You are asked to repeat the listing word for word and to leave out its pictures.
+++ DATASET SECTION
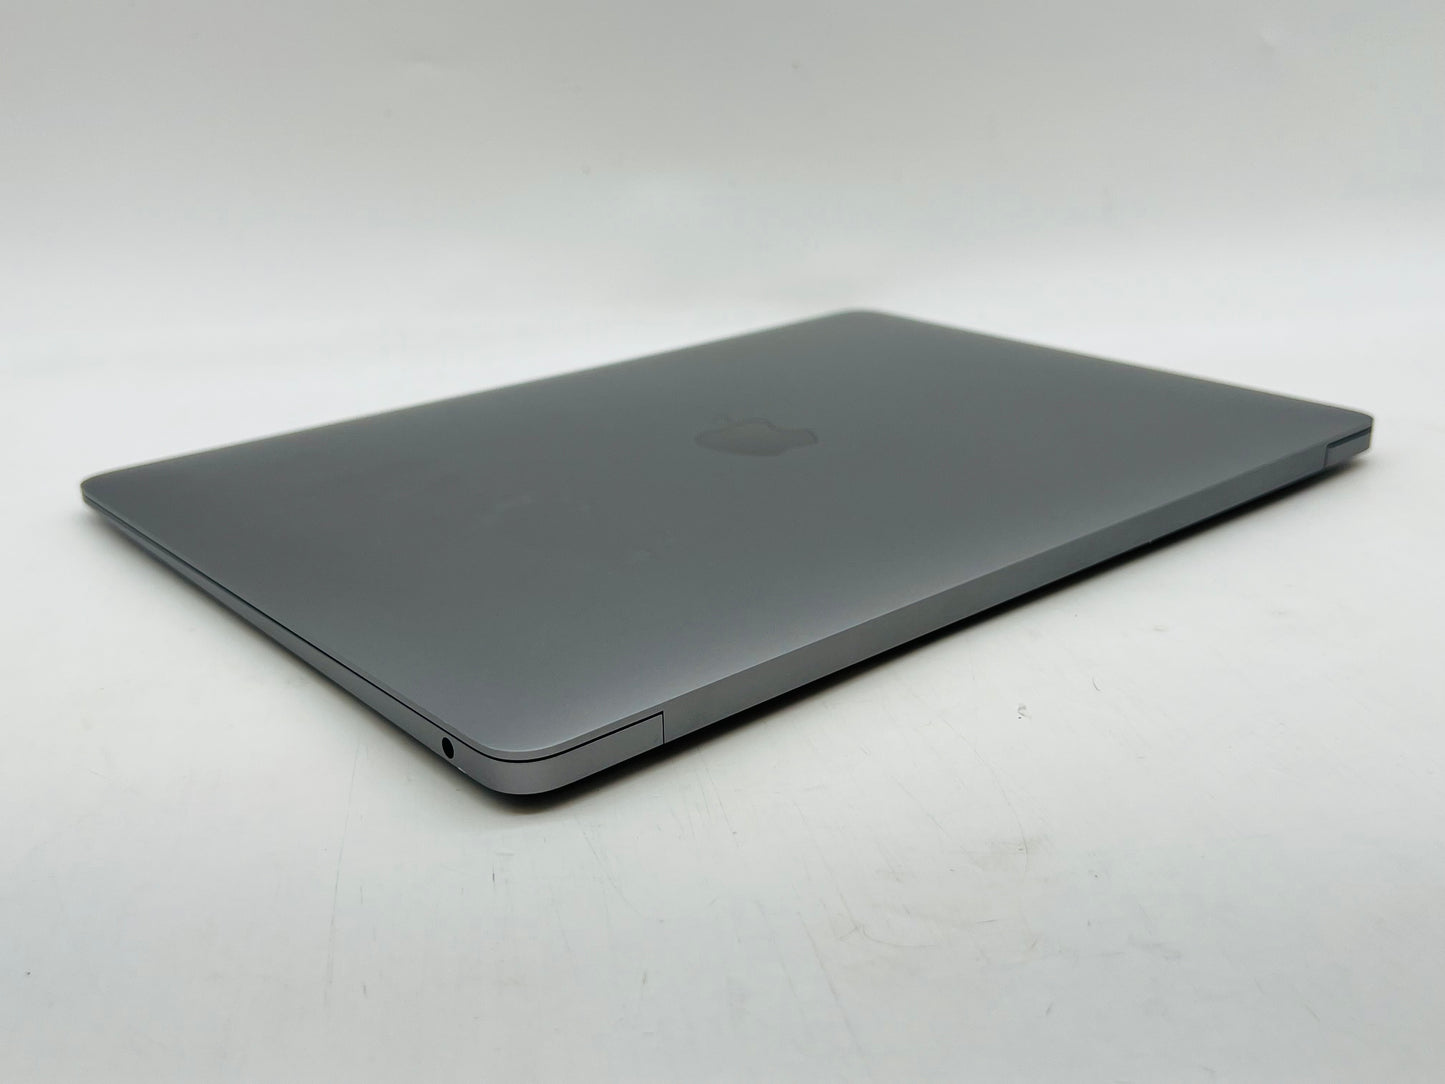 Apple 2020 MacBook Air M1 3.2GHz (7-Core GPU) 16GB RAM 256GB SSD AC+ - Very good
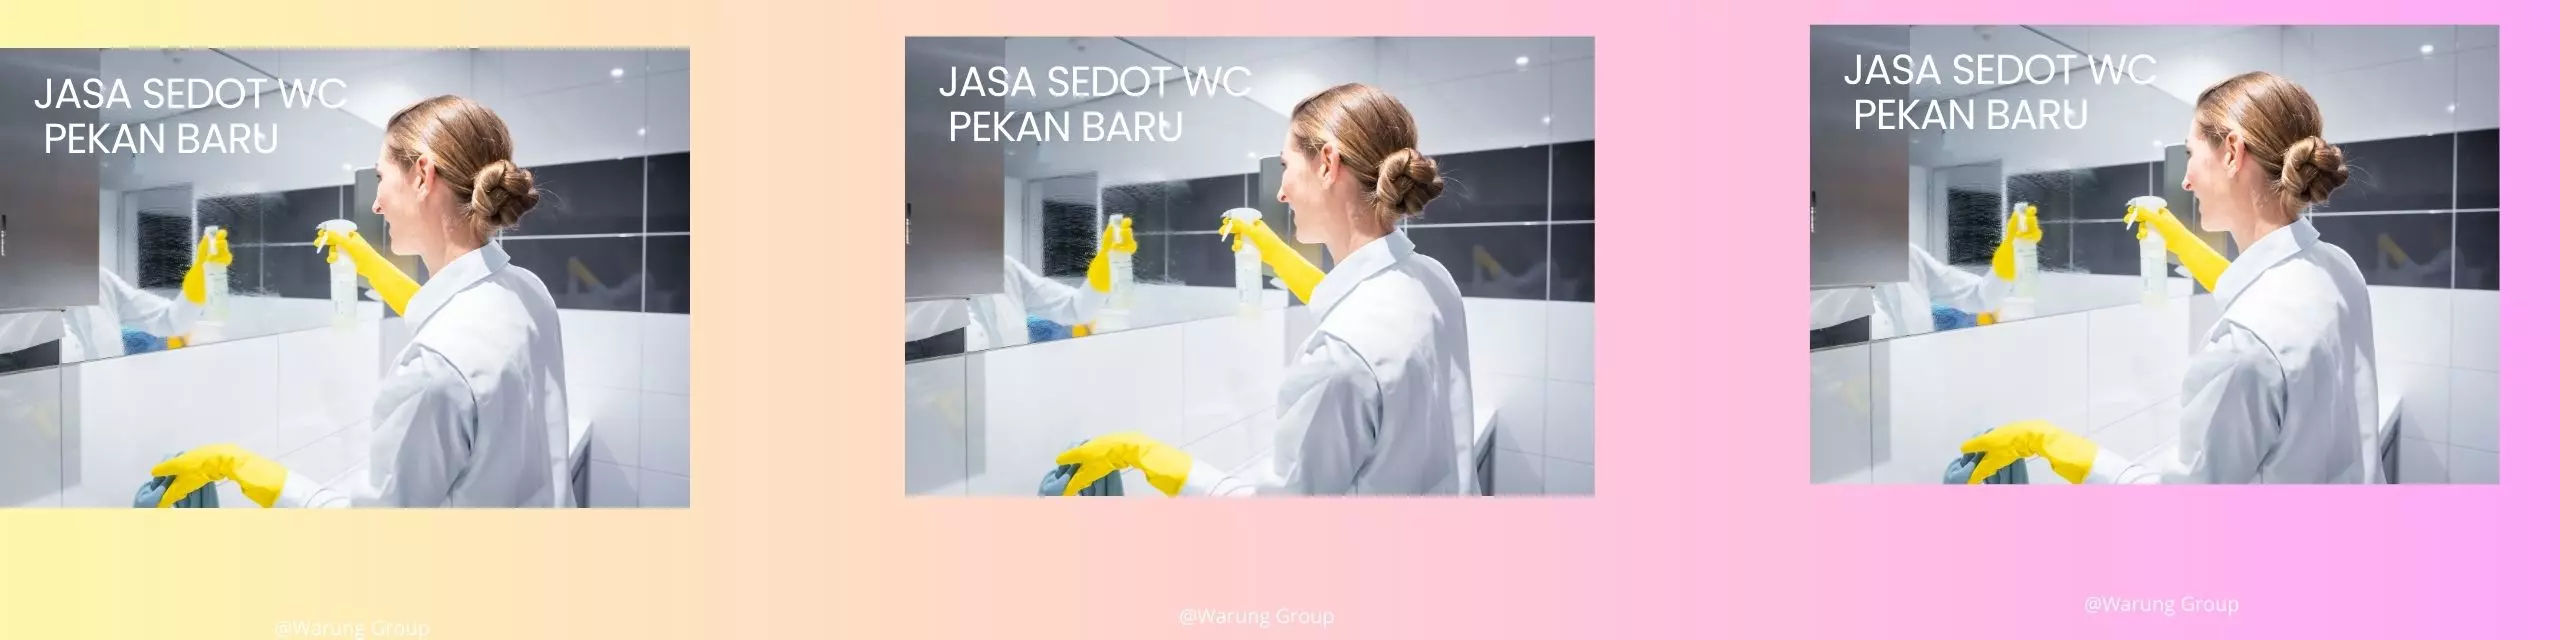 Jasa Sedot WC Pekanbaru
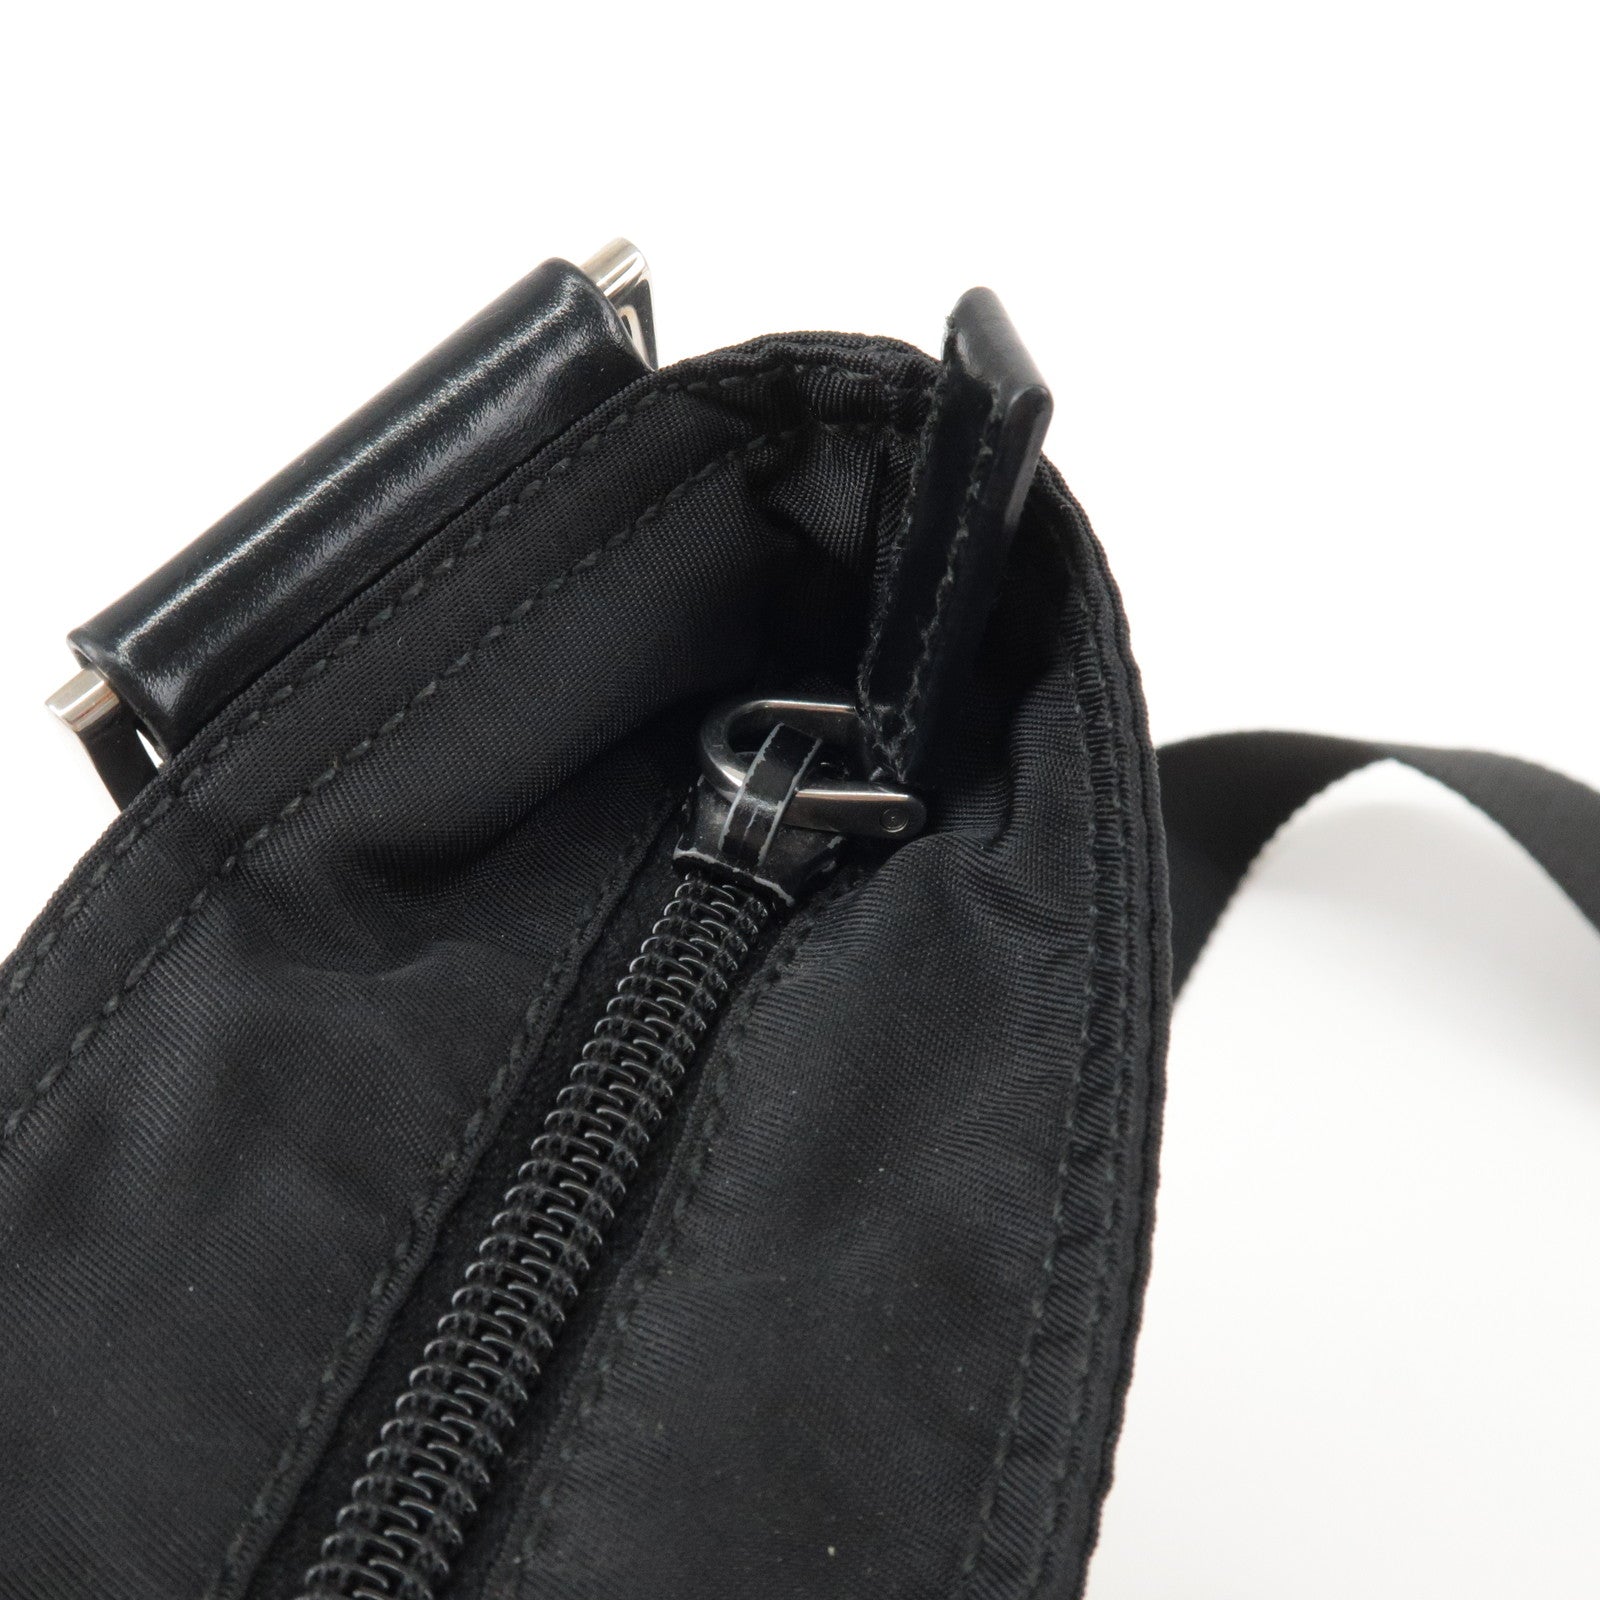 PRADA-Logo-Nylon-Leather-Ribbon-Shoulder-Bag-Black-1N1727 – dct
++++++
● RESULT FOR THIS TASK
 Apple 2020 MacBook Air M1 3.2GHz (7-Core GPU) 16GB RAM 256GB SSD AC+ - Very good
 Jasa Sedot WC Pekanbaru
 PRADA-Logo-Nylon-Leather-Ribbon-Shoulder-Bag-Black-1N1727 – dct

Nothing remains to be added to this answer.